Process

User Testing with People with Disabilities: A Practical Guide

By EZUD Published · Updated

User Testing with People with Disabilities: A Practical Guide

Automated tools and expert audits are necessary but insufficient. The most reliable way to understand whether a product works for people with disabilities is to test it with them. Usability testing with disabled participants reveals barriers that no scanner can detect: confusing screen reader announcements, disorienting focus management, cognitive overload from complex workflows, and interaction patterns that conflict with assistive technology strategies.

Why This Testing Matters

Deque’s research consistently shows that automated tools catch only 30-40% of accessibility issues. The remaining 60-70% require human judgment. Expert auditors catch many of these, but they evaluate against standards, not lived experience. A person who uses a screen reader eight hours a day navigates differently from an auditor running NVDA for a testing session. Their strategies, expectations, and frustrations are qualitatively different and deeply informative.

Recruiting Participants

Recruitment is the most common barrier teams cite. Several approaches work:

  • Disability organizations and advocacy groups. Organizations like the National Federation of the Blind, the Hearing Loss Association of America, and local independent living centers can connect you with potential participants.
  • Accessibility-focused recruitment panels. Companies like Fable and AccessWorks (operated by Knowbility) maintain panels of people with disabilities who are experienced in usability testing.
  • University disability services offices. Students with disabilities are often willing to participate in usability studies.
  • Internal employees with disabilities. If your organization has employee resource groups for people with disabilities, they may be interested in contributing.

Compensation

Pay participants fairly. Disabled people’s time and expertise are not free. Pay at least the same rate you would pay any usability test participant, and consider a higher rate given the specialized knowledge they provide. Common rates range from $75 to $200 per session depending on length and complexity.

Representation

Aim for diversity within your participant group. Disability is not monolithic. Include people who:

  • Use screen readers (JAWS, NVDA, VoiceOver, TalkBack)
  • Use screen magnification or zoom
  • Navigate by keyboard only
  • Use switch access or alternative input devices
  • Use voice control (Dragon, Voice Control on macOS)
  • Have cognitive or learning disabilities
  • Are deaf or hard of hearing

A study with five to eight participants across different disability types and assistive technologies typically surfaces the most significant barriers.

Planning the Sessions

Environment

  • Remote testing is often preferred. It allows participants to use their own equipment, configured with their own assistive technology settings. Tools like Zoom with screen sharing and recording work well.
  • In-person testing requires verifying physical accessibility of the testing space: ramp access, accessible restrooms, appropriate lighting, and quiet conditions.
  • Ask participants in advance about any accommodations they need.

Tasks

Design tasks that mirror real usage scenarios. Avoid overly prescriptive instructions that bypass the navigation challenges you want to observe. For example, “Find and purchase a blue widget” is more natural than “Click the Products menu, then click Widgets, then click Blue Widget.”

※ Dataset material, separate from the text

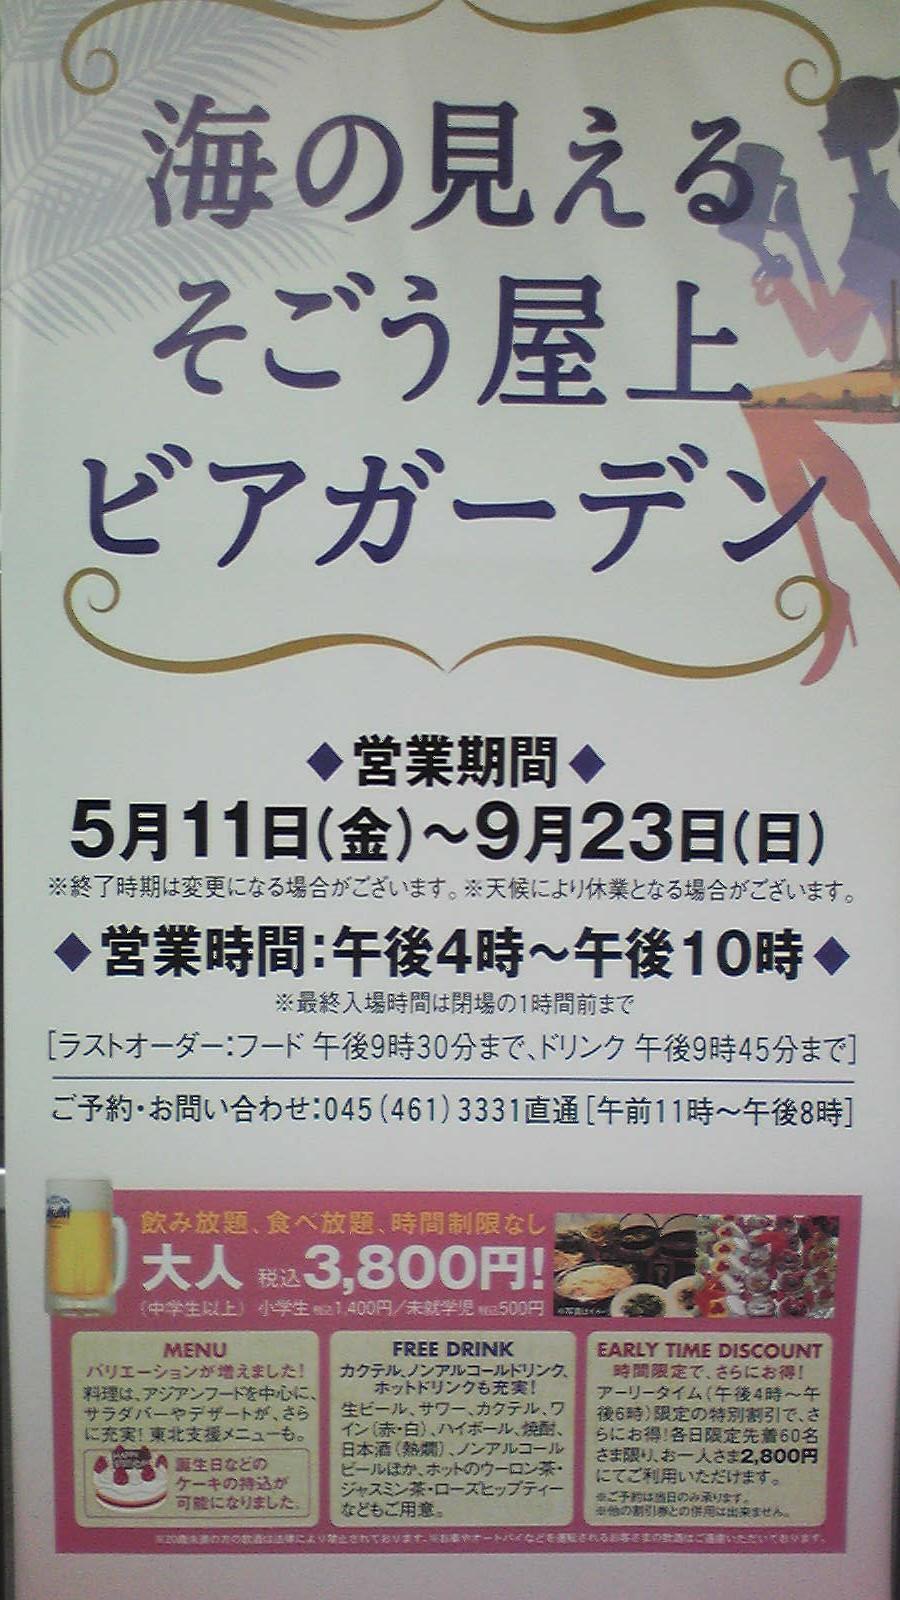 http://www.washin-optical.co.jp/blog/ladies/120604_173623.jpg

Keep sessions to 60-90 minutes to avoid fatigue. Some participants may need more breaks or shorter sessions.

Facilitation

  • Use person-first or identity-first language based on the participant’s preference. When in doubt, ask.
  • Do not touch a participant’s assistive technology without permission.
  • If a participant gets stuck, observe before intervening. The struggle itself is data.
  • Record sessions (with consent) for team review. Screen recordings with audio capture assistive technology output.

For more on facilitation in inclusive settings, see inclusive design workshop facilitation and disability etiquette in the workplace.

Analyzing and Reporting Findings

  • Map each observed barrier to the relevant WCAG 2.2 success criterion where applicable.
  • Distinguish between accessibility defects (violates WCAG) and usability issues (technically accessible but practically difficult).
  • Include direct participant quotes (with consent) to make findings concrete for development teams.
  • Prioritize findings by severity: task-blocking issues first, then degraded experience, then minor friction.

Feed findings into your accessibility bug triage process and remediation plan.

Common Pitfalls

  • Testing too late. If the product is nearly shipped, teams resist making changes. Test during design and development when changes are cheaper. This is the shift-left principle in action.
  • Treating it as a one-time event. Accessibility usability testing should recur, especially after major redesigns or new feature launches.
  • Conflating simulation with testing. Wearing a blindfold does not replicate the experience of a blind screen reader user. There is no substitute for testing with actual disabled users. See our article on disability simulation training ethics.

Key Takeaways

  • Automated tools and expert audits cannot replace testing with people who use assistive technology daily.
  • Recruit diverse participants across disability types and compensate them fairly.
  • Remote testing on participants’ own devices and configurations yields the most realistic results.
  • Map findings to WCAG criteria, prioritize by severity, and feed results into remediation plans.
  • Test early, test repeatedly, and never substitute simulation for real user feedback.